Okay, dann gehts. Mal sehen, eventuell schaffe ich mir so ein gerät an. Und die knoten sind wirklich bombenfest?
Wie testet ihr eigentlich eure knoten? Ich habe die letzten tage die erfahrung gemacht das ein und derselbe knoten, mit gleicher anzahl windungen mal besser und mal schlechter hält, sei er auch noch so sauber gebunden. Wenn ich hier zuhause teste geht das recht einfach, aber wie testet ihr euren knoten am wasser (an der rute)? Handschuhe angezogen und ziehen? Oder verlasst ihr euch auf euer können und hofft das gerade dieser frisch gebundene knoten hält?
Hirnke


----------



## Mefospezialist (18. November 2011)

*AW: Knotenproblem*

Also bei nem 25er geflecht brauchst du ja eigentlich keine Schlagschnur mehr. Kommt natürlich drauf an welche Gewichte du da voll durchziehen möchstest aber zum normalen Brandungsangeln würde ich da nicht mehr unbedingt eine vorschalten.

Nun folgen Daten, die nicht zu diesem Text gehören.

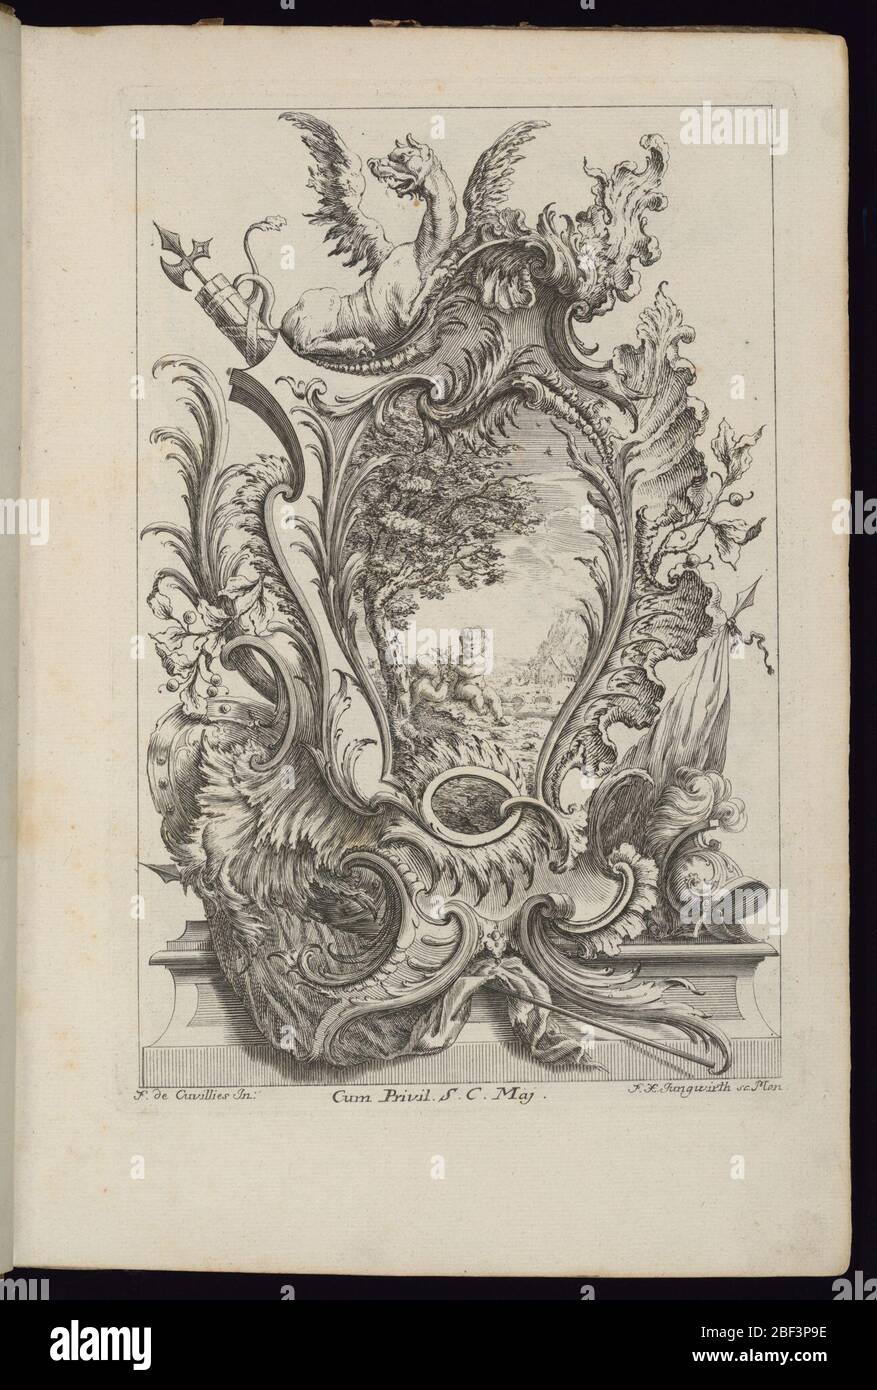 Cartouche with a Dragon and Armorial Trophy Livre de Cartouches divers usages Book of Cartouches for Different Uses. Cartouche framed with a winged dragon and battle weapons (including spear, helmet, ax, shield). Within cartouche, a figural scene in Rococo style depicting two putti in a field below a tree--a town or village in background. Stock Photo

Wenn wir über ein 12er oder 15er geflecht sprechen würden ok aber bei ner 25er? #c

Grüße

David


----------



## angelnrolfman (18. November 2011)

*AW: Knotenproblem*



Mefospezialist schrieb:


> Also bei nem 25er geflecht brauchst du ja eigentlich keine Schlagschnur mehr. Kommt natürlich drauf an welche Gewichte du da voll durchziehen möchstest aber zum normalen Brandungsangeln würde ich da nicht mehr unbedingt eine vorschalten.
> 
> Wenn wir über ein 12er oder 15er geflecht sprechen würden ok aber bei ner 25er? #c
> 
> ...


 
Hi David,

zum Werfen des Gewichts vieleicht nicht gerade. Aber die ersten Meter der Schnur sind doch schon extremen Bedingungen ausgesetzt, die werden mal über die Muschelbank o.ä. gezogen. Die Geflochtene ist da echt empfindlich, wobei die Monofile da etwas robuster ist und schonmal etwas mehr ab kann. |rolleyes
Ist aber meine persönliche Meinung......


----------



## hirnke (18. November 2011)

*AW: Knotenproblem*

Ich will halt möglichst weit raus werfen, da der strand dort recht flach ist. 200 gramm werdens schon werden. Und um richtig bumms dahinter zu bekommen hab ich mir die 0,48 geflochtene als shock leader und als snag leader geholt.


----------



## snit (5. Januar 2012)

*AW: Knotenproblem*

Hallo hab ne Seite gefunden wo alle Knoten die es so gibt sehr gut erklärt werden is aber auf English.
http://videofishingknots.com/
Wird wohl der ein oder andere kennen.


----------



## Micha383 (5. Januar 2012)

*AW: Knotenproblem*



snit schrieb:


> Hallo hab ne Seite gefunden wo alle Knoten die es so gibt sehr gut erklärt werden is aber auf English.
> http://videofishingknots.com/
> Wird wohl der ein oder andere kennen.



Die beste Seite für Knoten die ich kenne :m


----------



## kapeb (5. Januar 2012)

*AW: Knotenproblem*

Kurzer Einwand.
Könnte das Knotenproblem auch einfach nur an evt. spröder Schnur liegen|kopfkrat???? Einfach mal von beiden Schnüren die ersten 3-4meter abschneiden und dann nochmal versuchen :m


----------



## Gunnar 80 (8. Januar 2012)

*AW: Knotenproblem*

Hallo!Wenn Du in Indien und Thailand angeln möchtest,wirst Du vermutlich eher dicke Fische fangen wollen?! Verwende selbst beim Brandungsangeln auf Rochen und Haie eine 0,70er-0,90er Mono-Schlagschnur mit 0,40er Spiderwire auf der Rolle.Mono ist resistenter gegen rauhe Haut und div. Zähne trop. Fische. Meine Favoriten bei den Knoten sind doppelter Grinner und der ,,sebile knot".Letzteren sollte man vor dem Trip ein paar Mal probieren und mit Handschuhen testen.Auf you tube findest Du einige gute Anleitungen für diesen Knoten! 
Gruss Gunnar


----------